#### Data segment:
↓

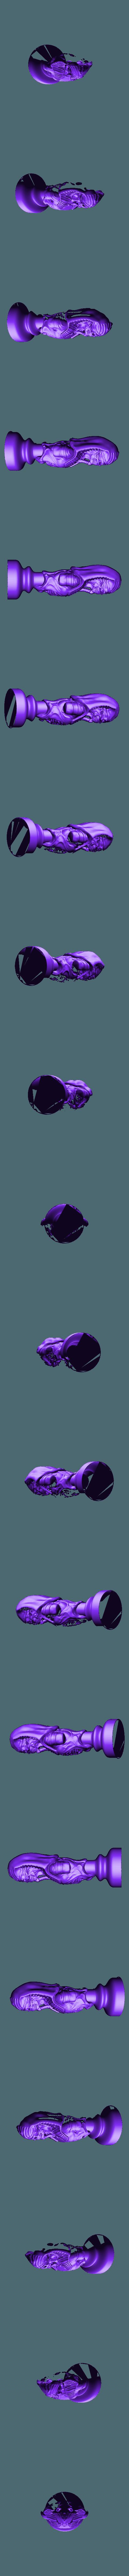 undead king.stl Télécharger fichier STL gratuit Les échecs égyptiens : vivants ou morts • Modèle à imprimer en 3D, MartinHaurane
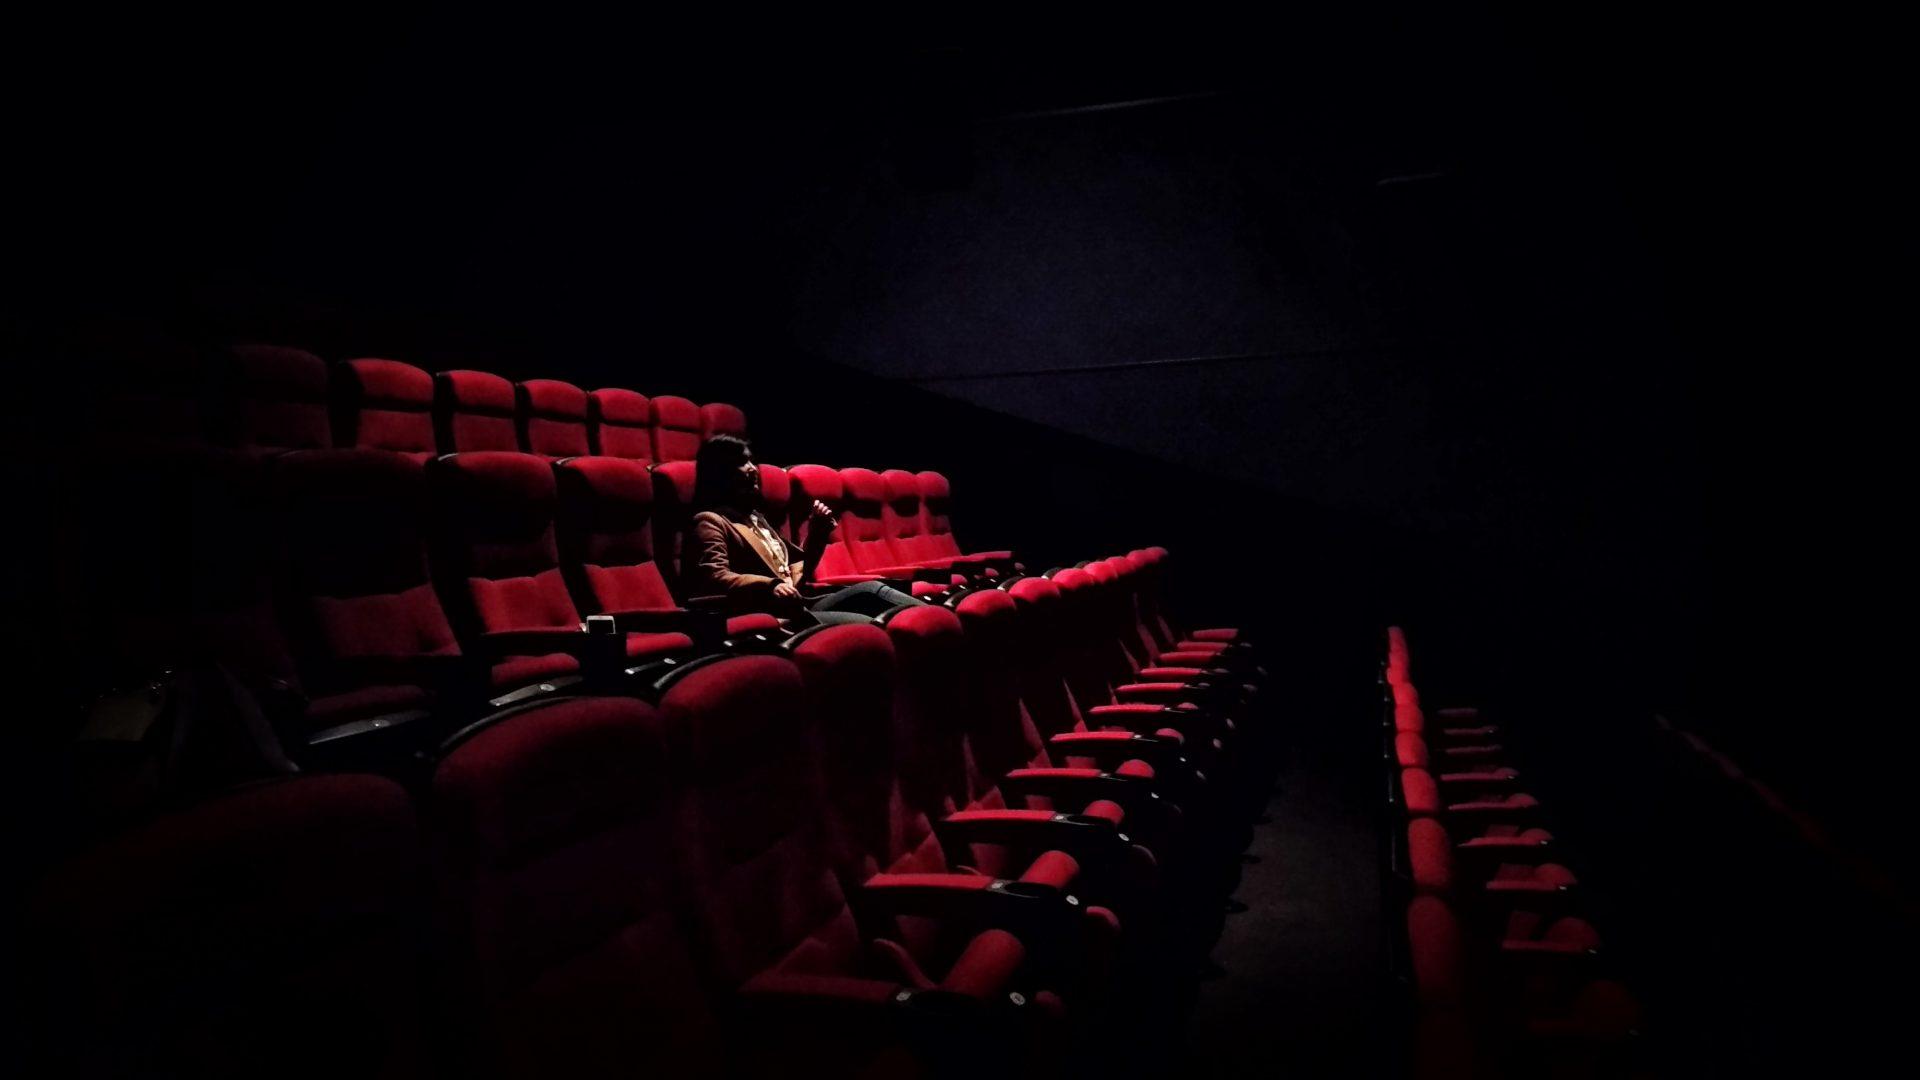 Les salles de cinéma se relèveront-elles de la pandémie?
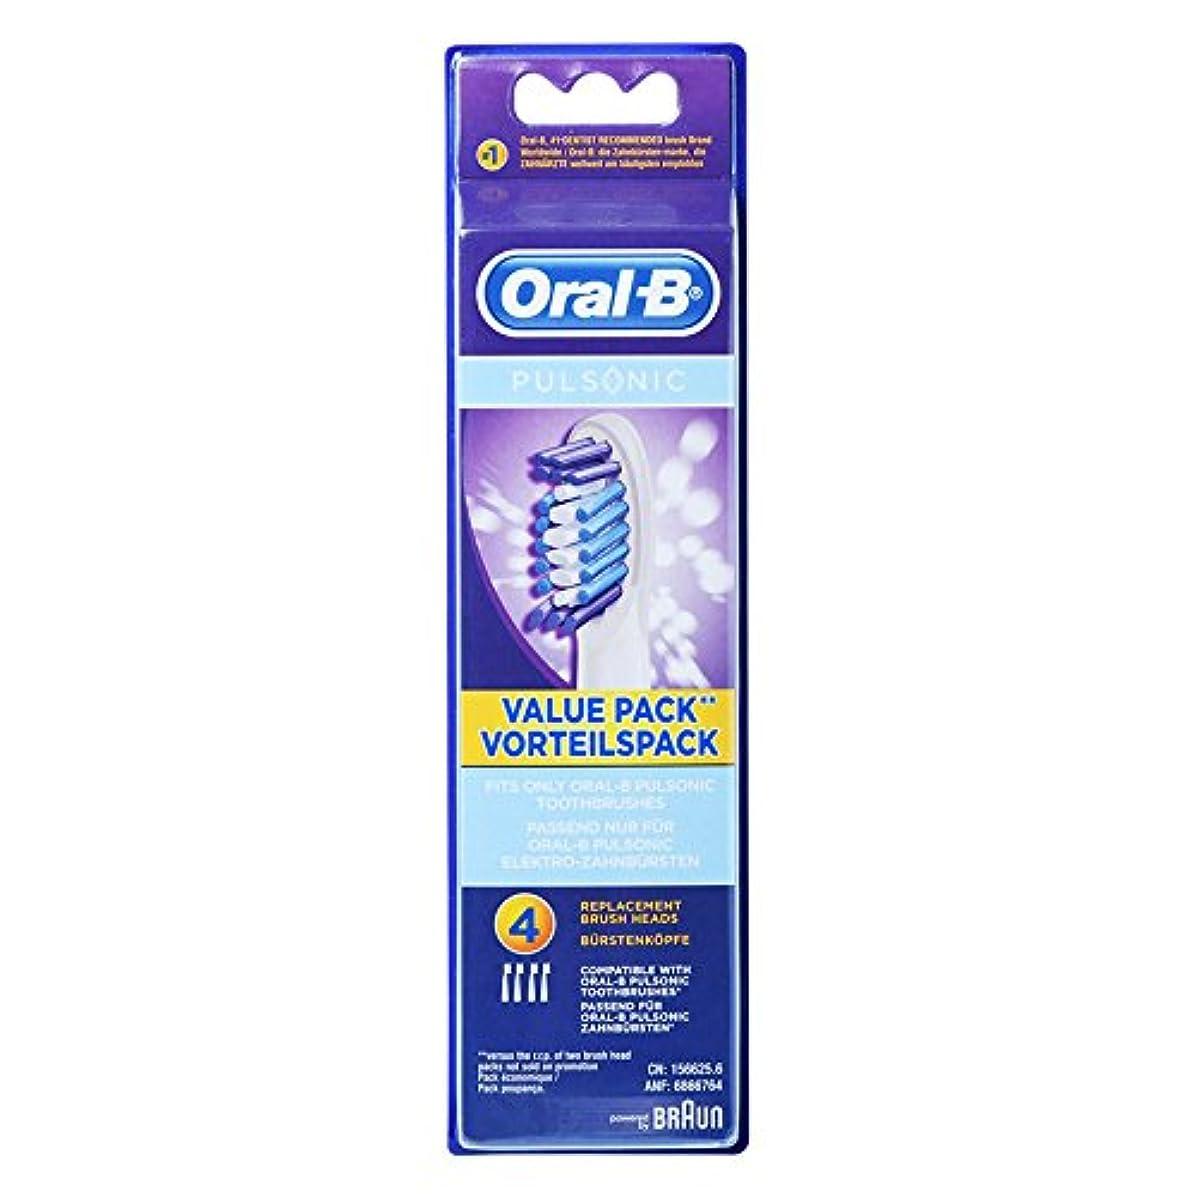 ブレーキ回るオペラBraun Oral-B SR32-4 Pulsonic Value Pack 交換用ブラシヘッド 1Pack [並行輸入品]
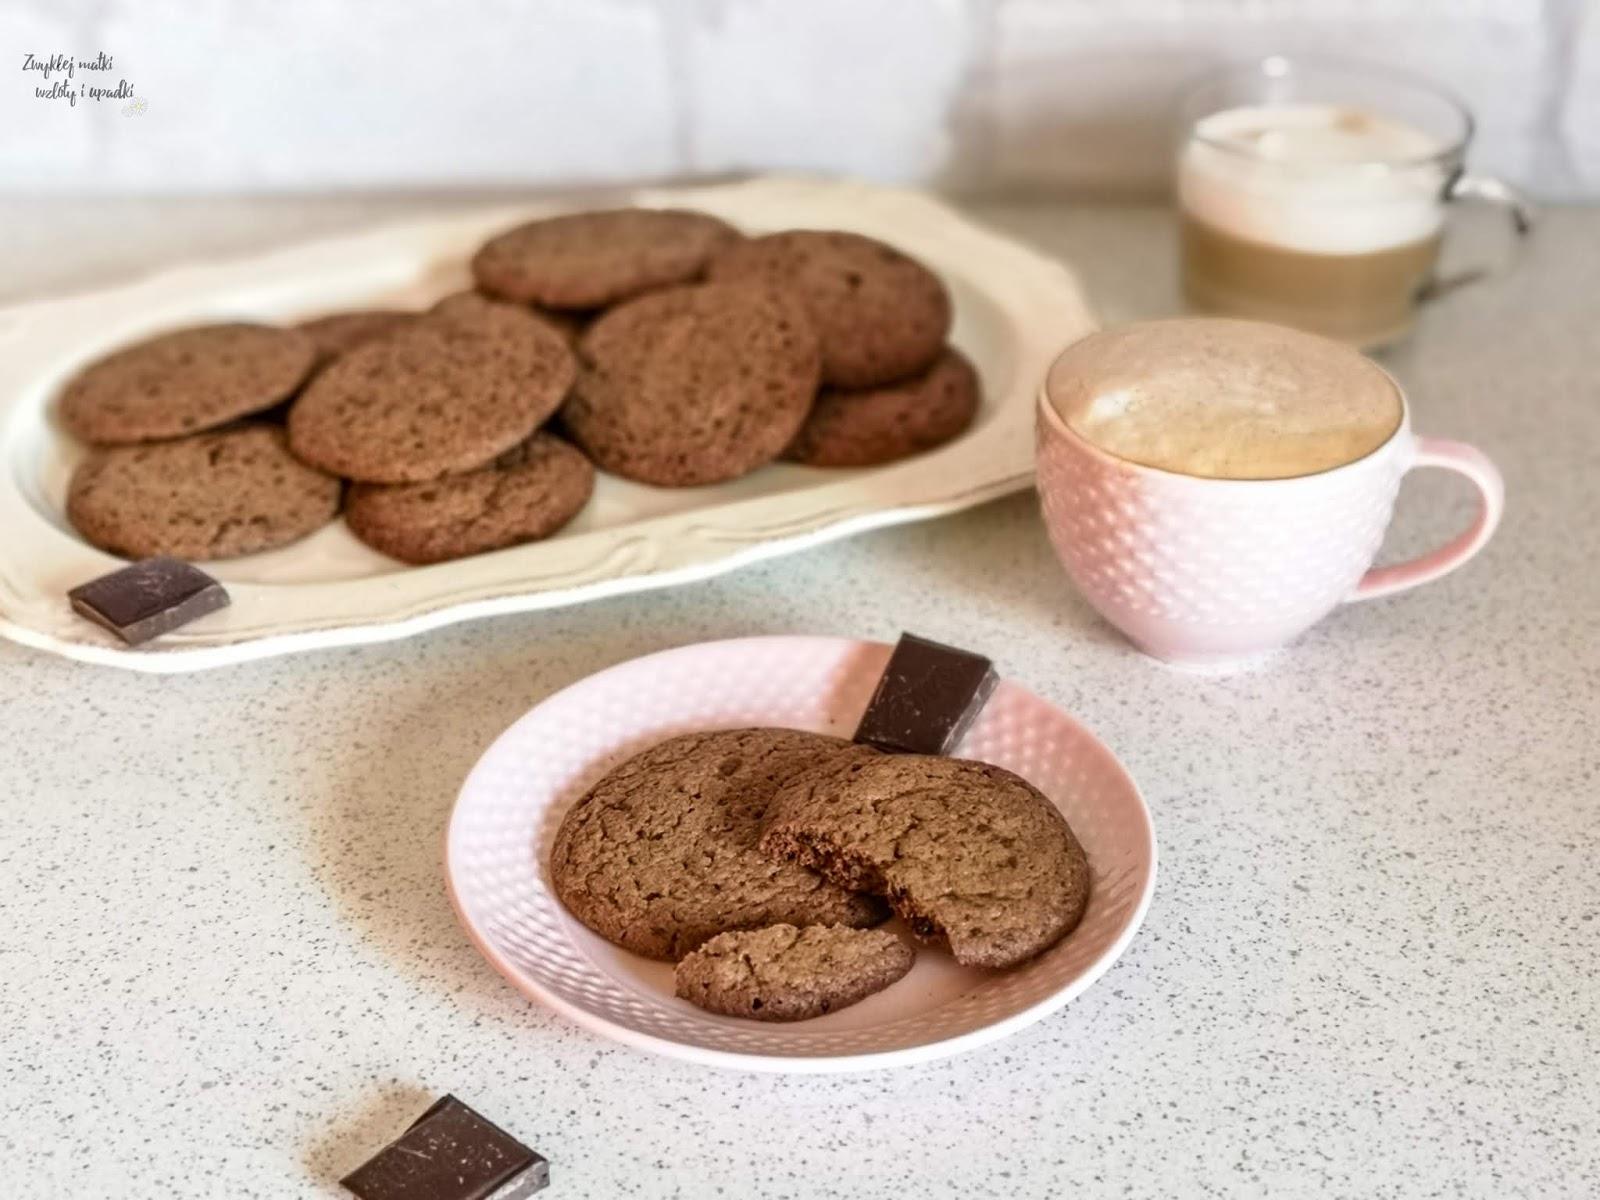 Ciasteczka czekoladowe Ani Starmach, czyli co robić z dzieckiem w domu

↑

#### Exercise details:
Go through the lines above and write each one out verbatim, skipping the pictures.

#### Response to this exercise:
 undead king.stl Télécharger fichier STL gratuit Les échecs égyptiens : vivants ou morts • Modèle à imprimer en 3D, MartinHaurane
 Les salles de cinéma se relèveront-elles de la pandémie?
 ブレーキ回るオペラBraun Oral-B SR32-4 Pulsonic Value Pack 交換用ブラシヘッド 1Pack [並行輸入品]
 Ciasteczka czekoladowe Ani Starmach, czyli co robić z dzieckiem w domu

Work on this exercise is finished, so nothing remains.